“Vividly realized and intricately observed, Good Night, Mr. Kissinger is a poignant portrait of a city and the characters that live in the wake of great change.”

Tahmima Anam, author of The Good Muslim

Good Night Mr. Kissinger

K. Anis Ahmed

From beginning to end, Good Night, Mr. Kissinger traces the modern history of Dhaka, Bangladesh, and its rise from provincial outpost to megacity.

Good Night, Mr. Kissinger opens in 1970, in the days before war, when an unfinished suburban house is suddenly occupied by the family of an untouchable and disarming girl. Her brief appearance in her young neighbor’s life overshadows (at least for a time) the tanks that soon roll onto their idyllic street.  Kissinger ends in present day Dhaka, with the construction magnate Shabhaz ruminating about his dysfunctional family on the forty-first floor of the highest tower of the city—one which he himself built.

Ahmed plunges into this anarchic, overwhelming place, plucking individuals from the masses to tell stories of love and ambition, family secrets and exile.  There are the brothers Bahram and Jamshed, whose father dresses them in similar clothes to avoid sibling rivalry.  And Ramkamal, author of the greatest novel never written, whose disappearance leaves behind a group of disjointed followers trying to make sense of their lives.  And there is James D’Costa, the exiled Bangladeshi waiter with an unlikely name, whose encounters with Henry Kissinger force a tense confrontation between past and future.
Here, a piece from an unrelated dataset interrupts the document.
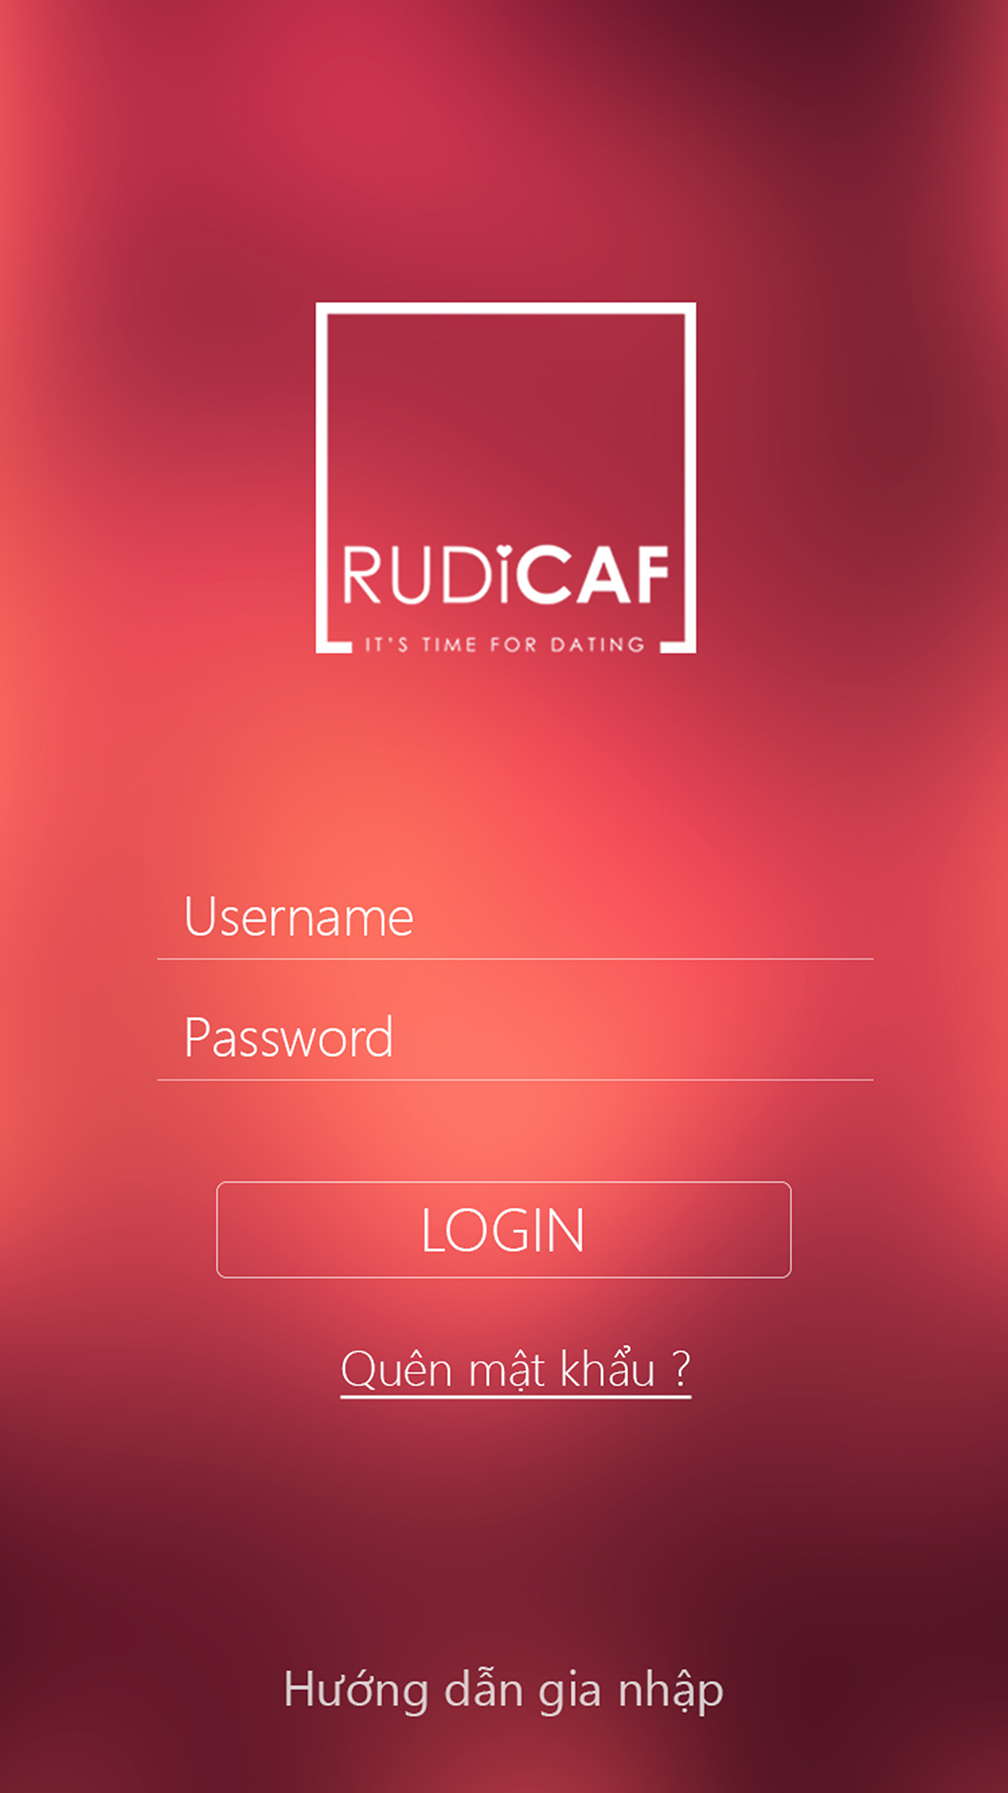 Giao diện ứng dụng book lịch hẹn hò Rudicaf.

Praise for Good Night Mr. Kissinger

"Vividly realized and intricately observed, Good Night, Mr. Kissinger is a poignant portrait of a city and the characters that live in the wake of great change."
Tahmima Anam, The Good Muslim

"These stories reveal K. Anis Ahmed to be a writer of great promise with a telling eye for detail."
Shashi Tharoor, The Great Indian Novel

"...K. Anis Ahmed’s distinctly important and intelligent voice, piecing together moments of the chaos, one emboldened character at a time."